Тревога, беспокойство (фр.)
[Закрыть]. После его смерти Флобер сказал, что он «умер от отвращения к нынешней жизни»37.
Готье и Гейне дружили и сошлись на том, что искусство должно быть откровенно чувственным, женственным и роскошным. «Красота – это отсутствие обыденности, – писал Готье к Гейне в начале 1830-х годов. – Я мечтаю об изысканной, аристократичной, искрящейся литературе». Балет стал страстью всей его жизни, и Сильфида – Тальони казалась ему олицетворением поэтического чувства и его собственного фантастического миропонимания. А это, говорил он, – история художника в поисках недосягаемого идеала. Он ставил Тальони в один ряд с «величайшими поэтами нашего времени» – высочайшая оценка, так как, в понимании Готье, поэты – не просто сочинители, а путеводные звезды духовности и эмоциональности. «Жизель» (1841), на создание которой Готье вдохновили Гюго, Гейне и воспоминания о «Сильфиде», стала его данью романтизму38.

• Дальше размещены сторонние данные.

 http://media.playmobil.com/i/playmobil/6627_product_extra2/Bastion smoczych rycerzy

На мысль о «Жизели» Готье натолкнуло стихотворение Гюго «Фантомы», в котором говорится о юной испанке, умершей от изнеможения на балу. Затем под влиянием Гейне у Готье появился образ славянской вилисы, или «ночной танцовщицы», – молодой женщины, которая умирает накануне свадьбы и восстает из могилы (подобно злобным монашкам святой Розалии) по ночам, чтобы затанцевать до смерти своих ничего не подозревающих жертв-мужчин. Гейне называл вилис «мертвыми вакханками» и представлял их «в подвенечных платьях <…> с блистающими перстнями на пальцах»; они напоминали ему о возбуждении «тоскующих по сладкому чувственному забвенью» парижанок, которых он видел на балах, когда они «яростно» и «безумно» бросались танцевать39.

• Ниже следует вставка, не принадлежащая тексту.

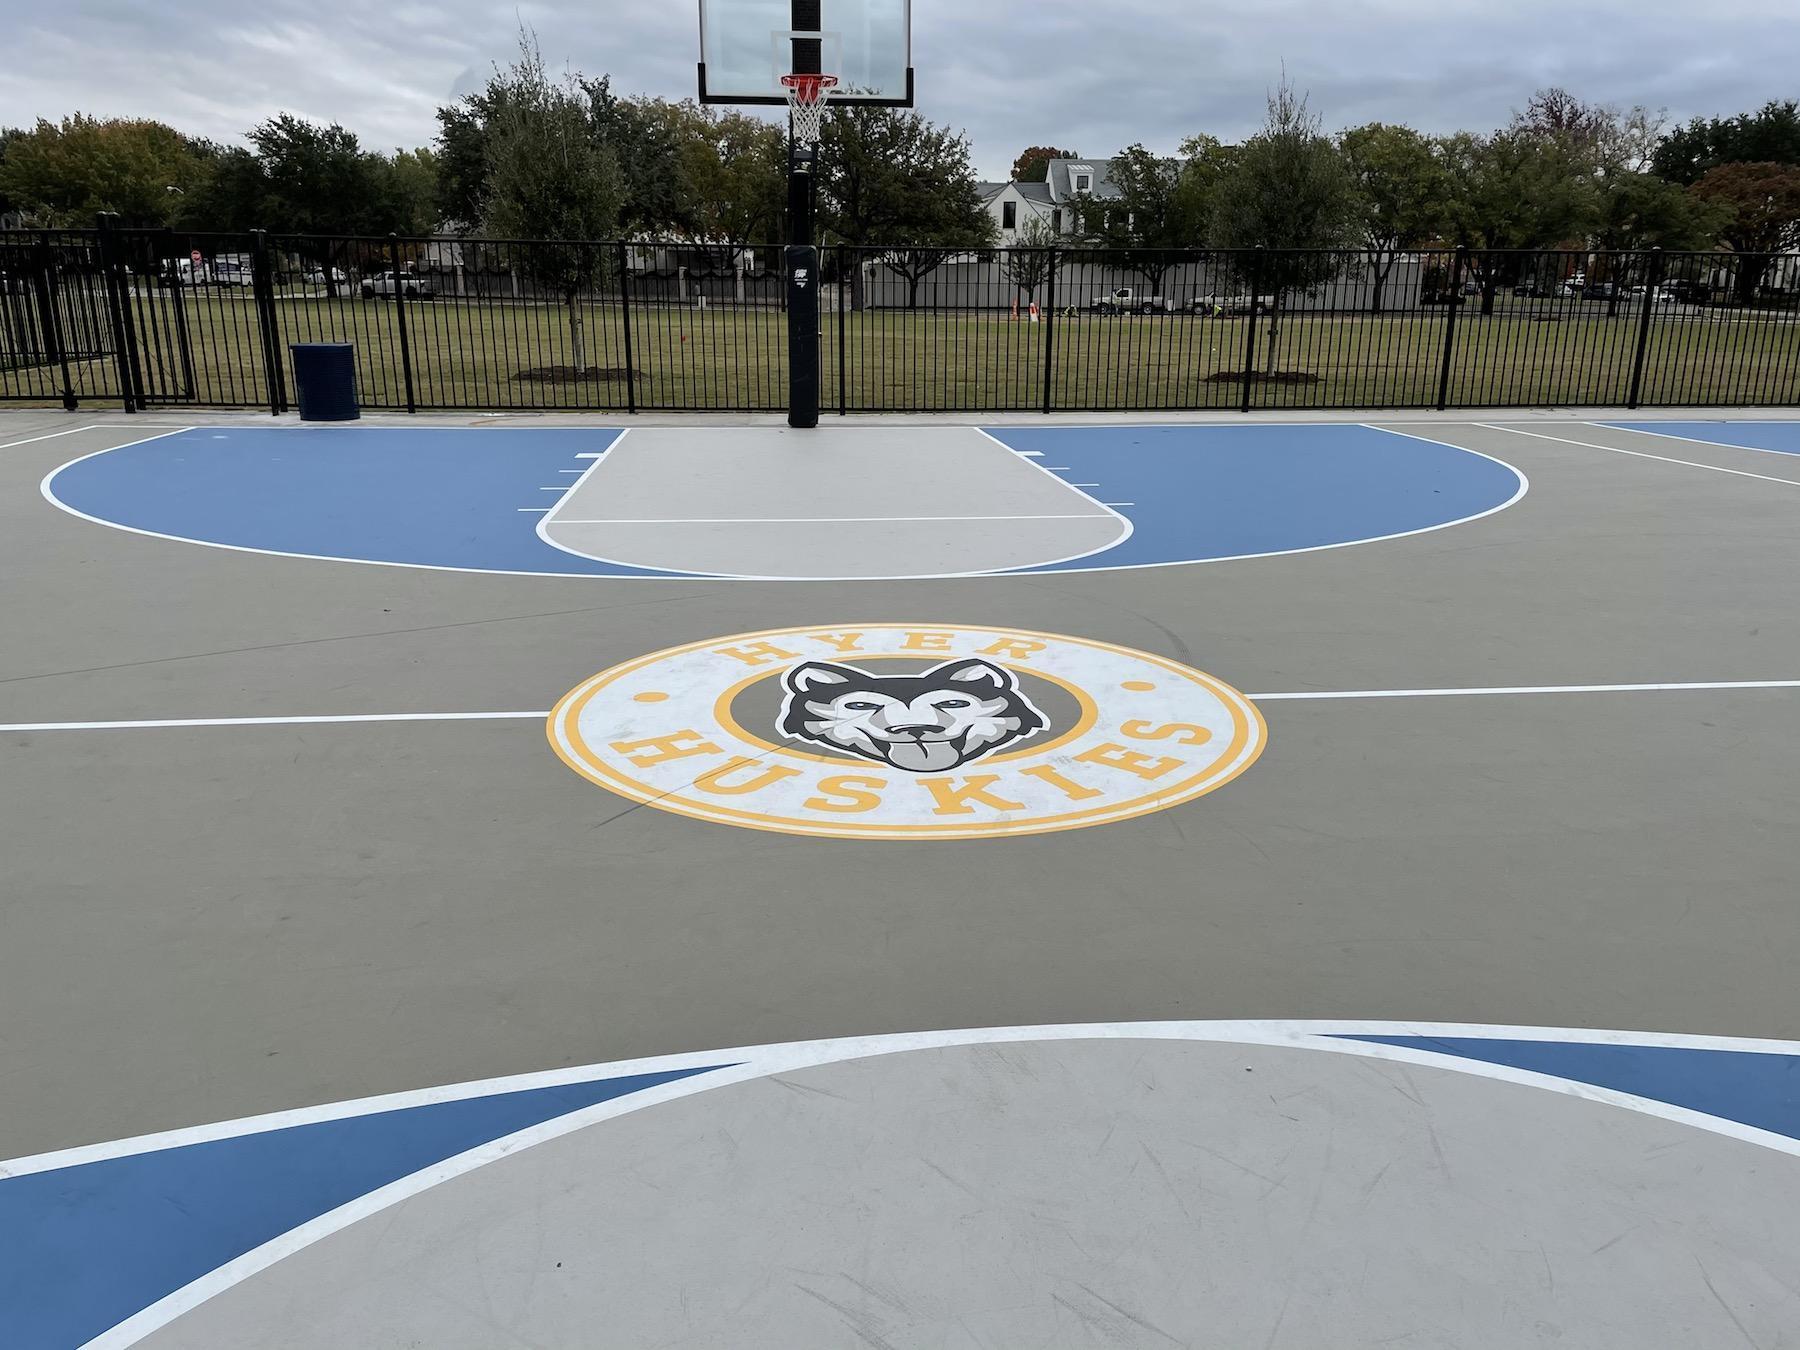 Hyer Elementary Basketball Court

Готье взял эти образы за основу и вместе с автором Жюлем-Анри Вернуа де Сен-Жоржем написал либретто. Для балета композитор Адольф Адан написал сладостно-мелодичную программную музыку, декорации вновь создал Сисери. Что касается хореографии, то Опера обратилась к своему танцовщику Жану Коралли, итальянцу, который много работал в австро-итальянском регионе и в театрах на бульварах и которого в 1831 году выбрал Верон, чтобы тот воскресил хореографию в Опере. Довести танцы в «Жизели» до совершенства Коралли помогал танцовщик и балетмейстер Жюль Перро.
Перро тоже был бульварным танцовщиком. Сын лионских ткачей, он начинал свой путь как клоун и гимнаст. Атлетического телосложения, он был некрасив и неуклюж – «гномоподобный» «зефир с крыльями летучей мыши». Виртуозность в нем была врожденной, а балету он учился у Огюста Вестриса, который предупредил его: чтобы скрыть физические недостатки, нужно продолжать быстрое движение. Его дебют в Опере состоялся в 1830 году с оглушительным успехом, тем более, если учесть неприятие мужского танца публикой того времени, однако вскоре, как Тальони и Эльслер, он оставил театр и занялся карьерой за рубежом. В Италии он познакомился с молодой танцовщицей Ла Скала – Карлоттой Гризи. Простая девушка из истрийской деревушки, она была явно талантлива. В ней было что-то от звездности Тальони, и Перро сразу обратил на нее внимание и начал с ней работать. Его собственный откровенно атлетический стиль танца отразился в ее технике: как отмечали критики, ее танец был «не столь греческим», как у Тальони, и отличался более выраженной «мускульной грацией». Перро был ее учителем, а также сценическим партнером и любовником – они вместе жили, путешествовали и выступали. Когда они приехали в Париж, она стала звездой «Жизели» Готье40.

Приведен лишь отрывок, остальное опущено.